* _Problem statement_:
Look below for the line with "Facade Improvement Program"; begin the copy there and stop after the line with "露出少女遊戯 三島ひかるの性癖【上巻】のサンプル画像2", keeping the text exact and the pictures out.

* _Data for this exercise_:
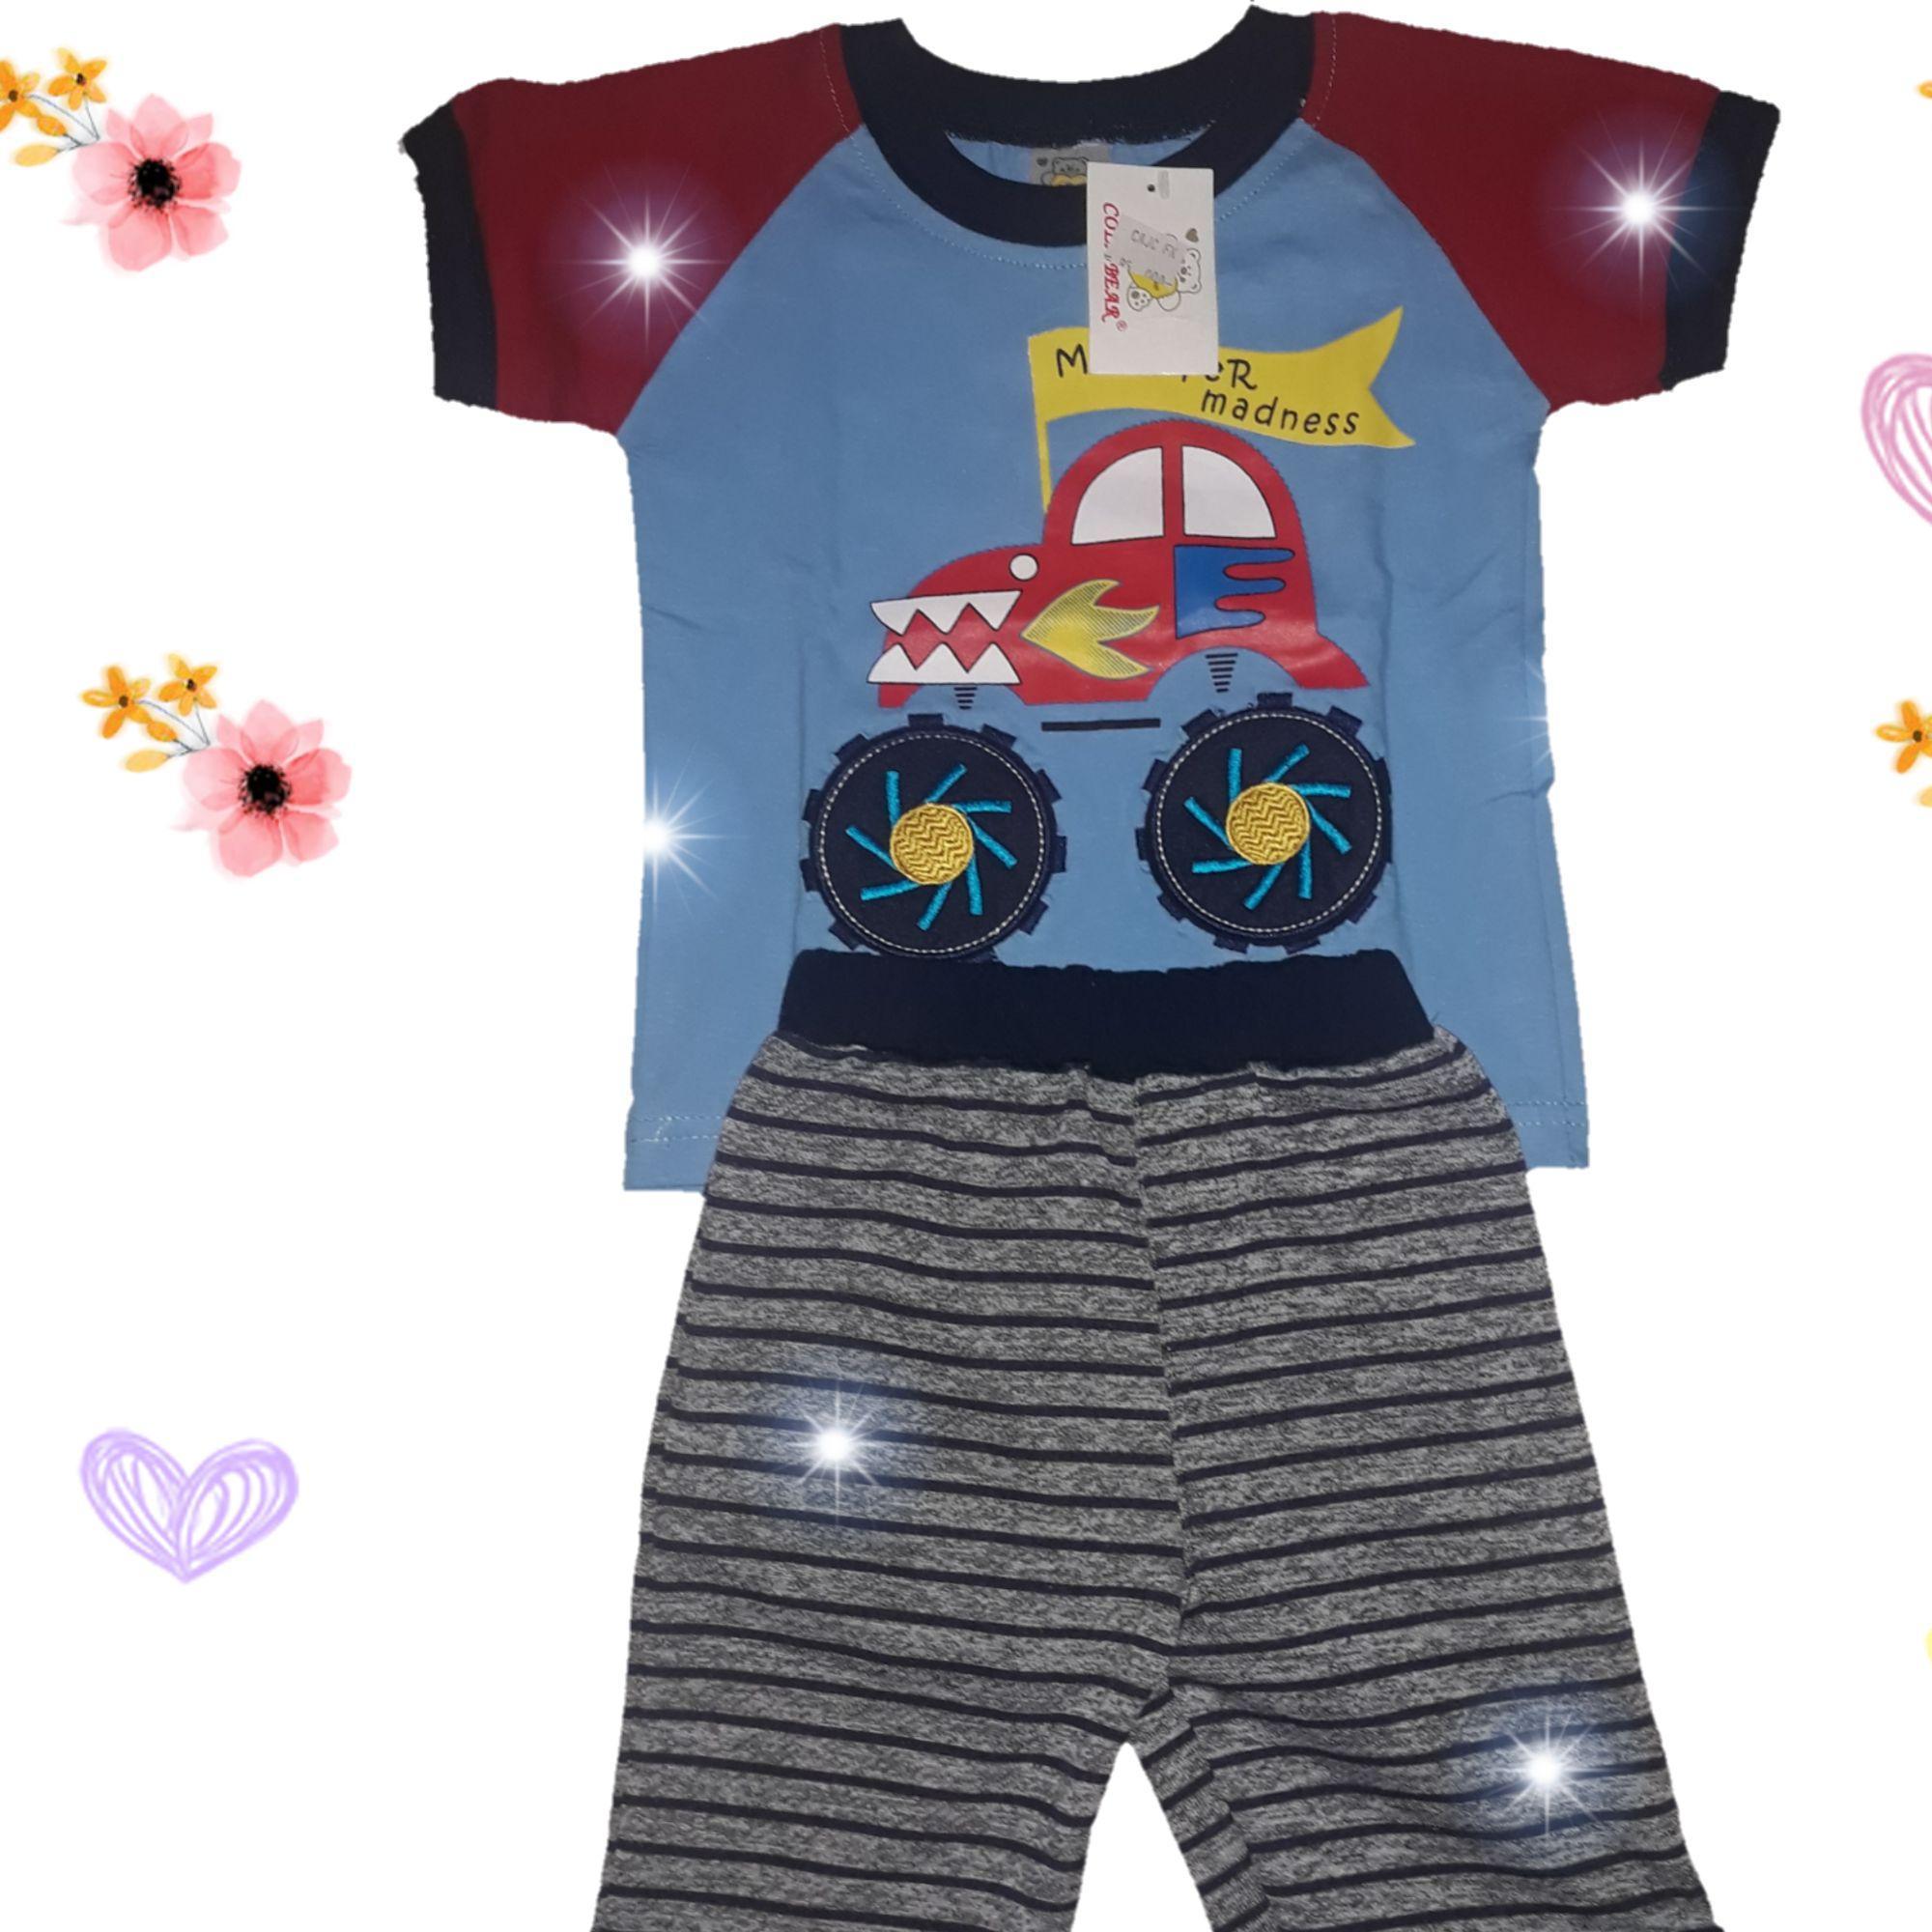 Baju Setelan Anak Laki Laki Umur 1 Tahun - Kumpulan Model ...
* * *
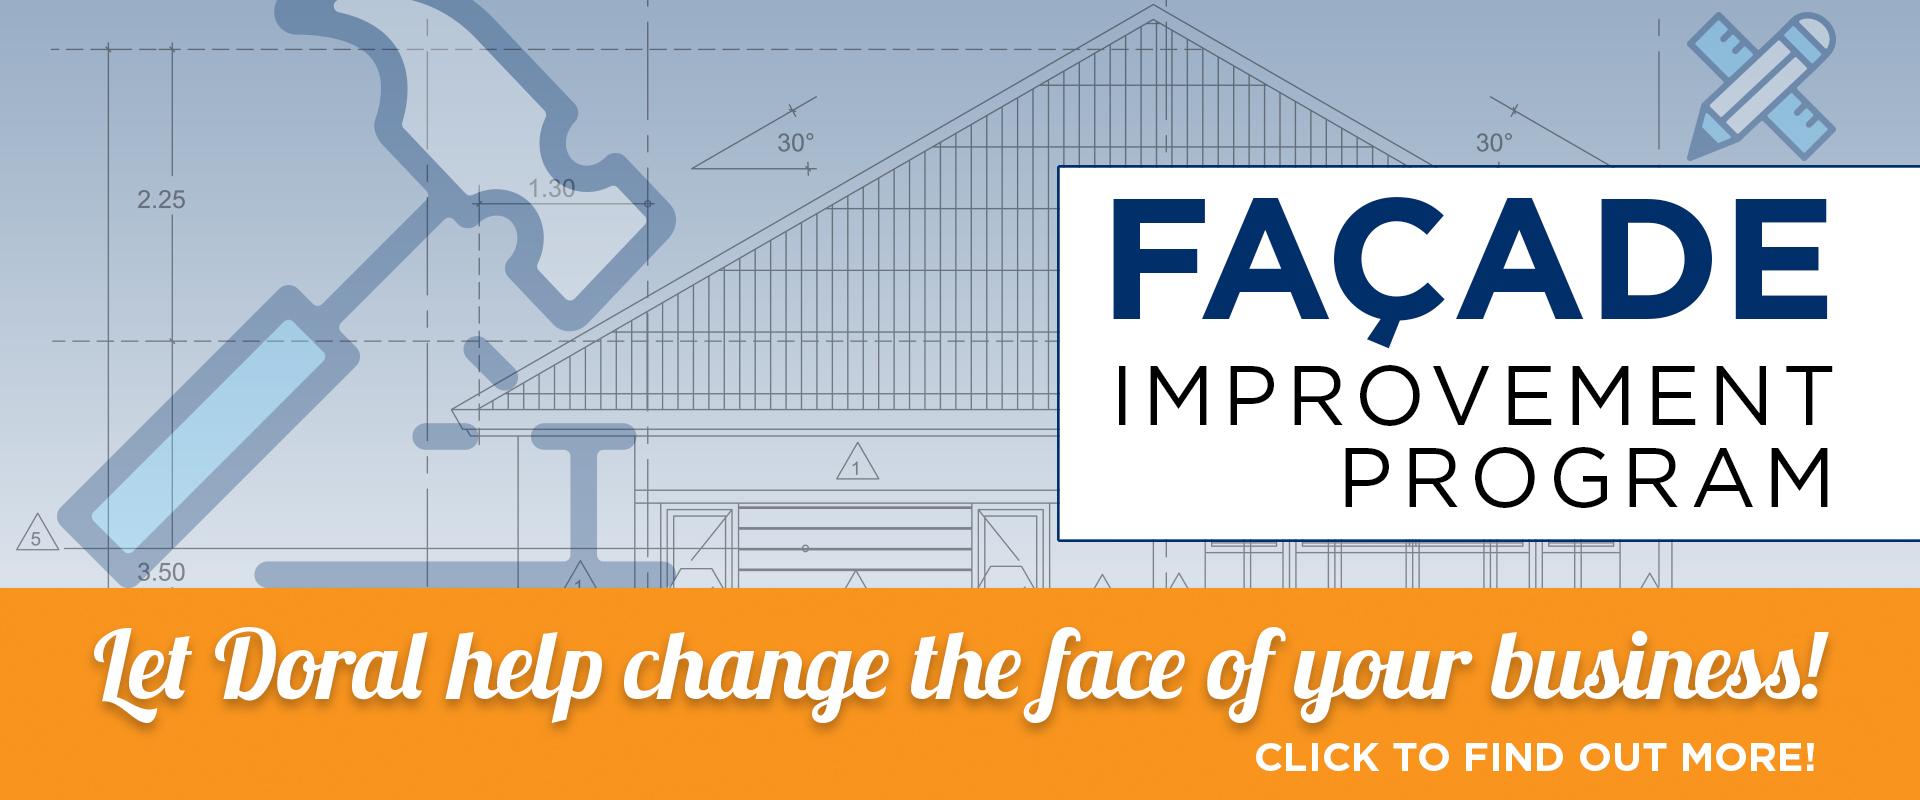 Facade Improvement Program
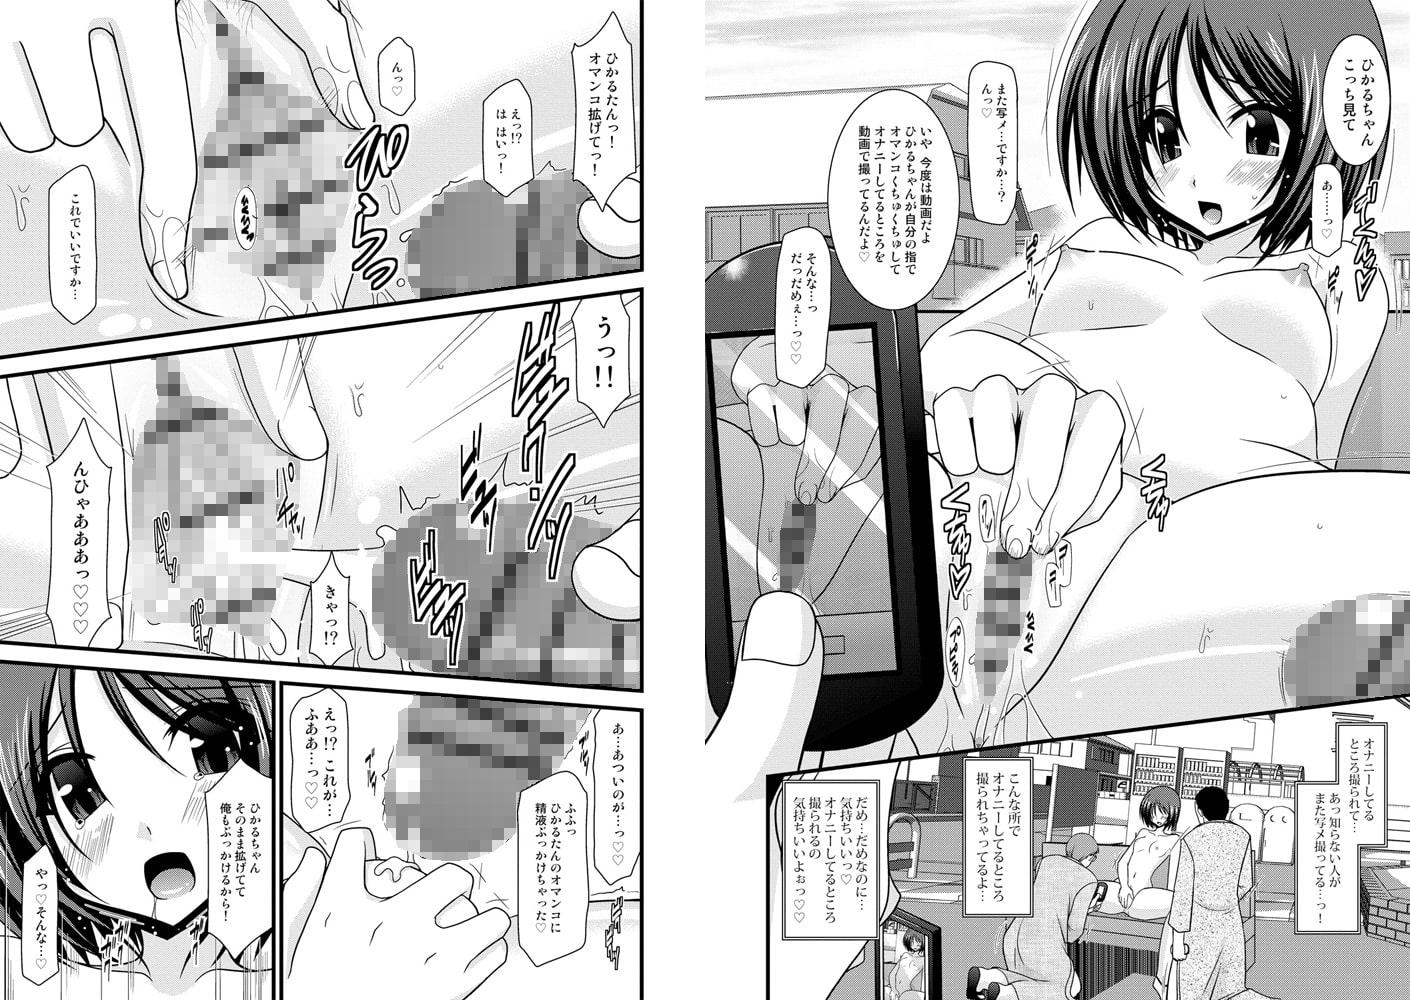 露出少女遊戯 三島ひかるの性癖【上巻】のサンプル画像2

* _Solution for this exercise_:
 Facade Improvement Program
 露出少女遊戯 三島ひかるの性癖【上巻】のサンプル画像2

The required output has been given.